Mit Fragen der Zukunft setzt sich derweil ein internationales Studierendentreffen auseinander. Im Auftaktjahr 2023 wird zunächst ein kleiner Kreis Studierender aus aller Welt die notwendigen Strukturen erarbeiten, in denen ab dem kommenden Jahr in größerer Zahl gewirkt werden kann. In der Folge soll das internationale Studierendentreffen ein Zentrum des transnationalen Austauschs und der Unterstützung unter dem Dach des Wartburg-Festes der Demokratie werden. Das Treffen bildet somit eine einzigartige Plattform für den Transfer von Ideen, Erfahrungen und Perspektiven. Studierende erhalten die Möglichkeit, ihre Ansichten über den Zustand der Demokratie in ihren Heimatländern miteinander zu teilen, voneinander zu lernen und Erfahrungen mitzunehmen. Durch den Dialog und die Diskussion können sie sich beispielsweise gegenseitig über Schwierigkeiten bei der Partizipation informieren und politische Fehlentwicklungen identifizieren. Im Resultat sollen gemeinsame Programme, Initiativen und innovative Ansätze für Lösungen und Strategien entwickelt werden, die das Engagement der Studierenden für die Demokratie stärken. Das internationale Studierendentreffen wird aber nicht nur ein Ort des Austausches, sondern auch ein Knotenpunkt der Unterstützung sein. Die Teilnehmenden haben die Möglichkeit, sich gegenseitig zu ermutigen, zu inspirieren und zu helfen. Das Treffen wird Raum für die Entwicklung von Netzwerken und Partnerschaften geben, um langfristige Verbindungen zu schaffen und den gemeinsamen Einsatz für die Demokratie auch über den alljährlichen Termin im Oktober hinaus zu stärken. Ziel ist es, ein langfristiges internationales Netzwerk von Studierenden und Alumni zu bilden, welches weltweit demokratische Initiativen unterstützt und damit Impulse setzt. Die Gesellschaft zur Erforschung der Demokratie-Geschichte wird dafür Anlaufpunkt und Koordinationsstelle sein.

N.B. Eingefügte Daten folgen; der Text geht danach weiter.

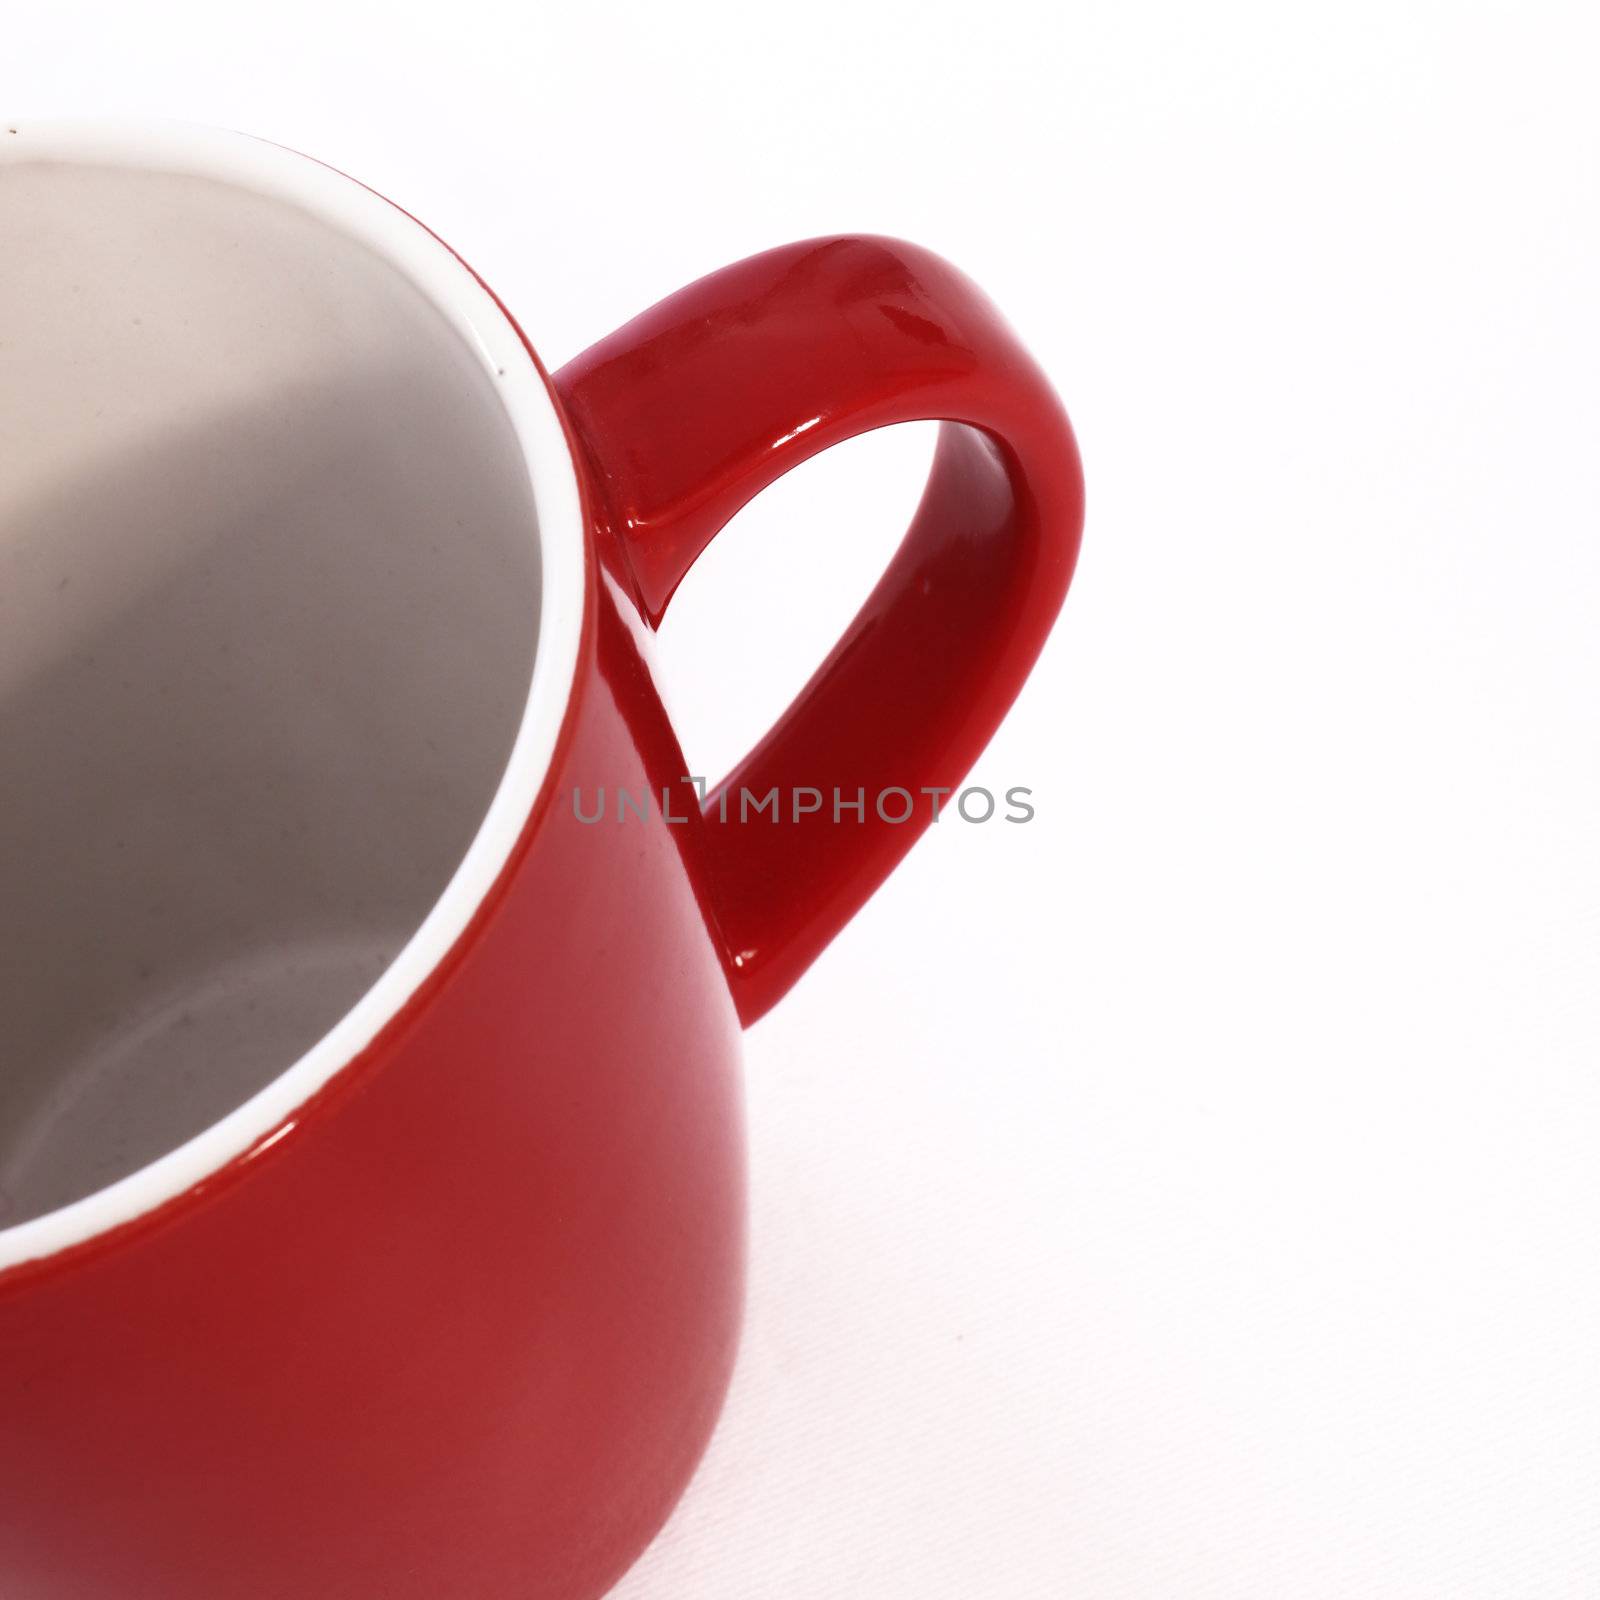 Looking inside an empty coffee mug by Farina6000

Die Zukunft gestalten: Jugendliche am Modell im Burghof (Wartburg-Stiftung Eisenach)

In der Summe bietet das Wartburg-Fest der Demokratie für alle drei skizzierten Säulen zur Vergangenheit, Gegenwart und Zukunft, sprich: die wissenschaftliche Tagungs- und die festliche Vortragsreihe sowie für das internationale Studierendentreffen den idealen Rahmen. Die Wartburg selbst symbolisiert als Ort der Demokratiegeschichte die Werte der Demokratie, steht gleichermaßen für ihre Errungenschaften, wie sie auch die damit verbundenen Herausforderungen sichtbar macht. Und nicht zuletzt tragen die beteiligten Kooperationspartner von der Gesellschaft zur Erforschung der Demokratie-Geschichte mit Sitz in Weimar, der Wartburg-Stiftung in Eisenach sowie der Friedrich-Schiller-Universität in Jena durch ihre Arbeit dazu bei, das Bewusstsein für die Bedeutung der Demokratie zu stärken und die Menschen zu inspirieren, das demokratische Miteinander zu stärken und zu schützen.


Das Wartburg – Fest der Demokratie ist ein Projekt der Gesellschaft zur Erforschung der Demokratie-Geschichte (GEDG), in Verbindung mit der Wartburg-Stiftung Eisenach und in Kooperation mit der Friedrich-Schiller-Universität Jena.